Once a chip is produced, it can have a significant useful lifespan of 3-5 years if maintained properly. However, Nvidia constantly develops new, more powerful, and more efficient chips (producing 2 million chips annually), potentially limiting a chip’s lifespan due to obsolescence and wear and tear. When a chip becomes obsolete, it enters the e-waste stream. While theoretically, the rare metals in a chip hold recycling value, chip recycling is a specialized and challenging process, with only about 20% of all e-waste, including less complex devices like phones, being recycled. The recycling process involves workers dismantling equipment, exposing them to the heavy metals and other elements used in manufacturing. If a chip is not recycled, it is likely disposed of in landfills or incinerated, releasing heavy metals into the environment through water or air – particularly impacting developing countries and local communities.
Most research on the carbon footprint and environmental impact of machine learning has focused on power consumption. Therefore, let’s explore this aspect further.
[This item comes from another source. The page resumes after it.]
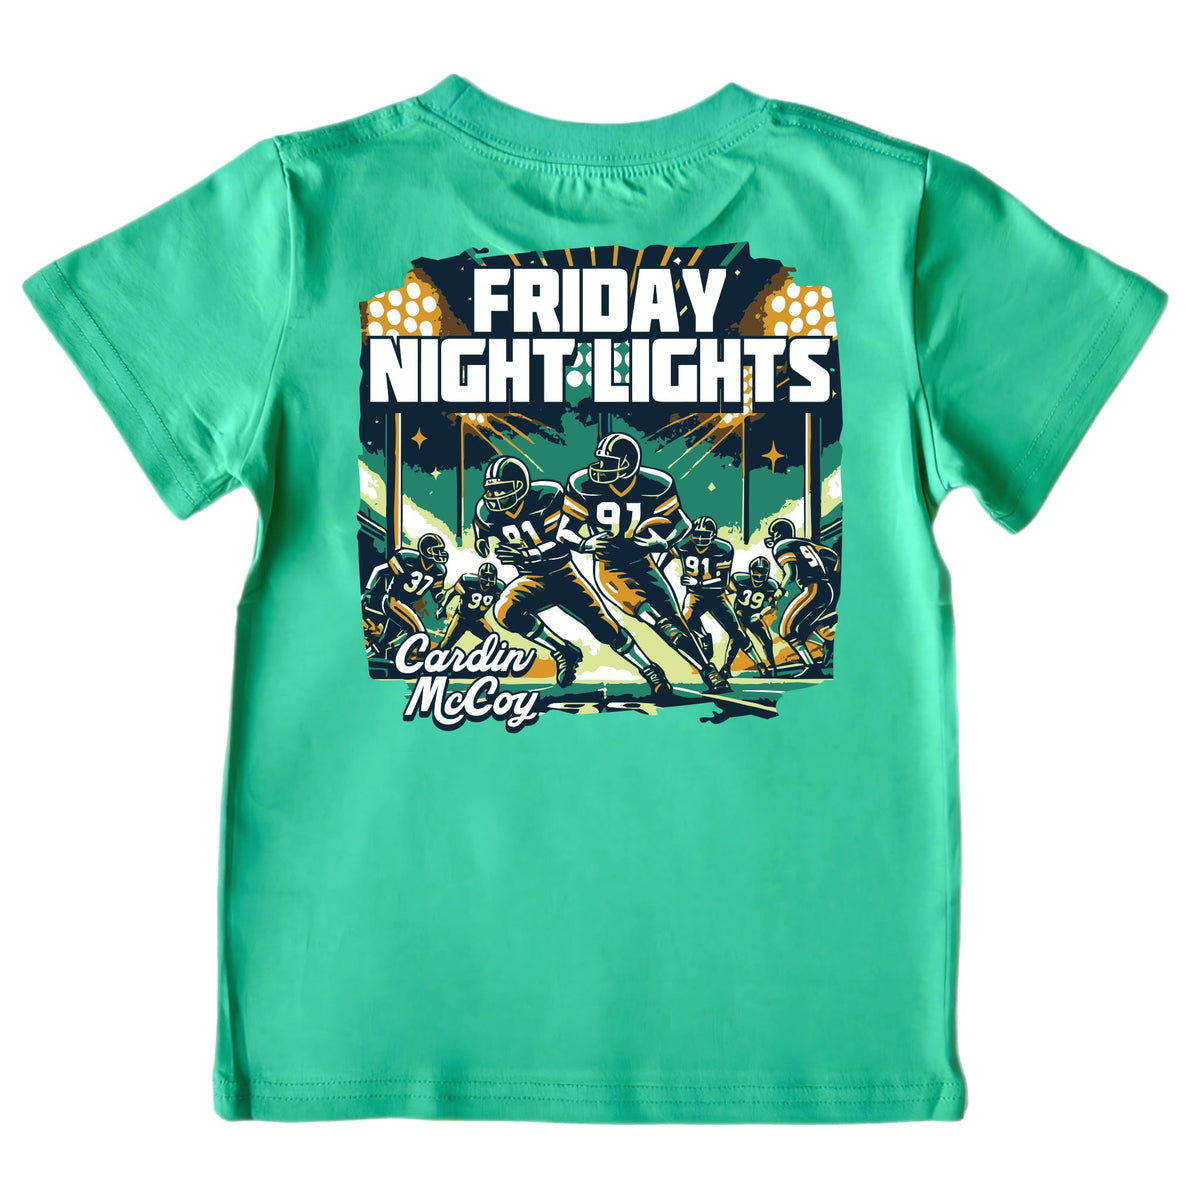 Boys' Friday Night Lights Short-Sleeve Tee Short Sleeve T-Shirt Cardin McCoy Green XXS (2/3) Pocket
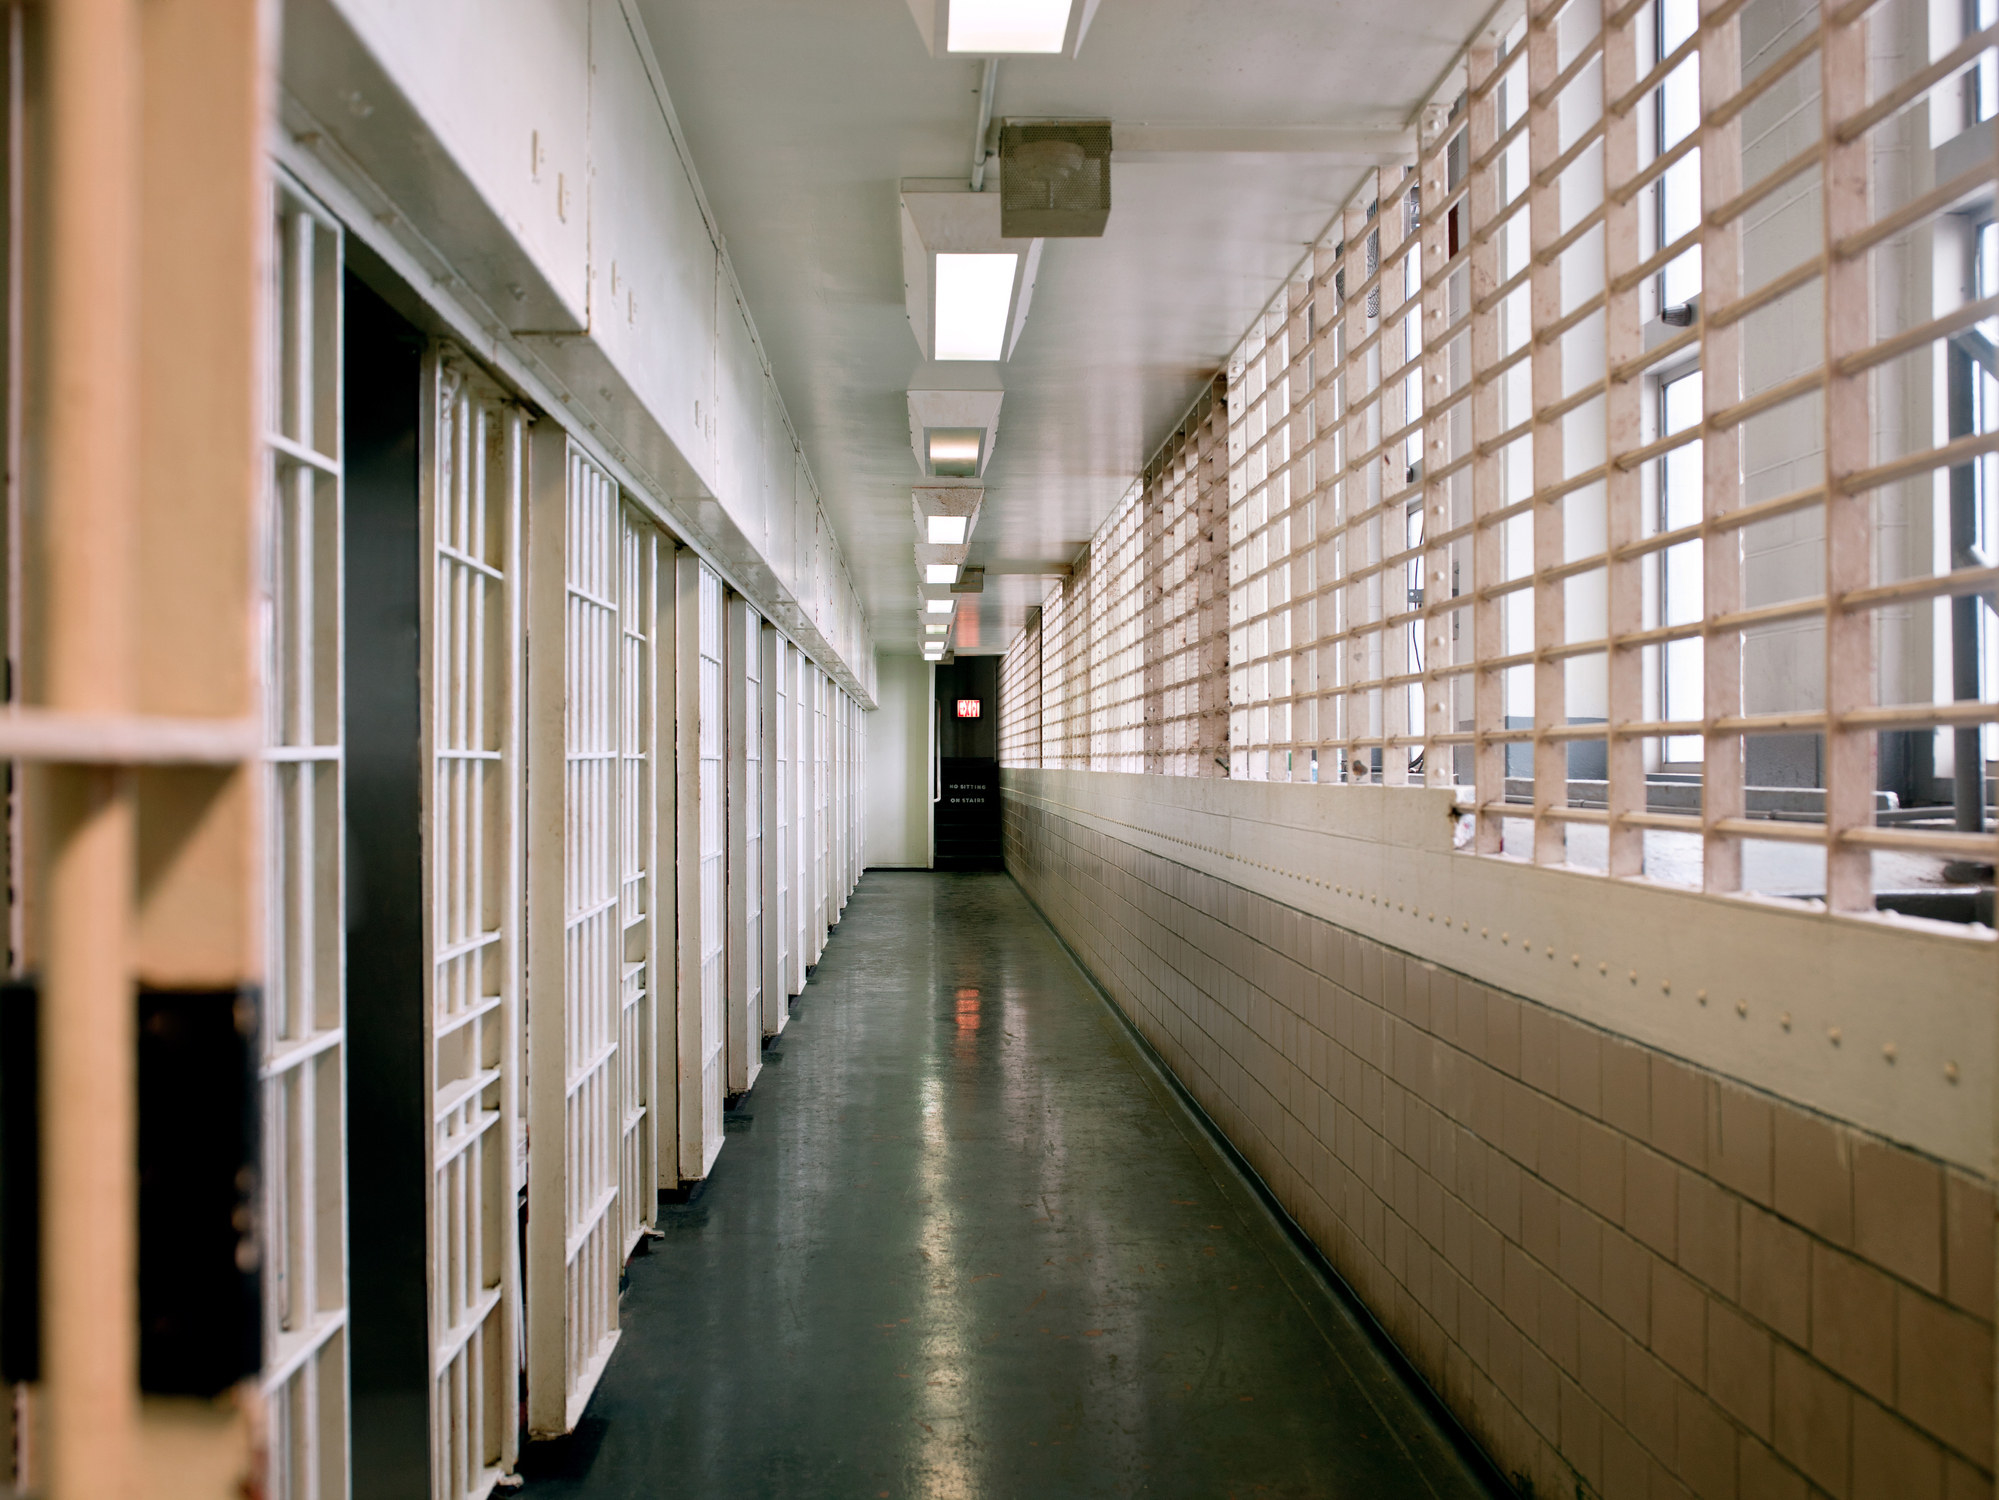 A prison hallway

After acquiring the necessary hardware, electricity consumption emerges as a significant concern in the realm of AI. Training large language models consumes vast amounts of electricity, and deploying these models also requires substantial electricity usage.
A research paper indicates that training GPT-3 with 175 billion parameters consumes around 1,300 megawatt hours (MWh) or 1,300,000 kilowatt hours (KWh) of electricity. In comparison, training GPT-4 with 1.76 trillion parameters, estimates suggest power consumption during training ranges between 51,772,500 and 62,318,750 KWh of electricity. For context, an average American home consumes slightly over 10,000 KWh per year. Conservatively, training GPT-4 once could power nearly 5,000 American homes for a year. (This calculation does not consider the power consumed by preliminary analyses or tests needed to prepare the data for training.)
The power consumption during training GPT models significantly increased between GPT-3 and GPT-4, highlighting the immense electricity requirements of advanced machine learning models.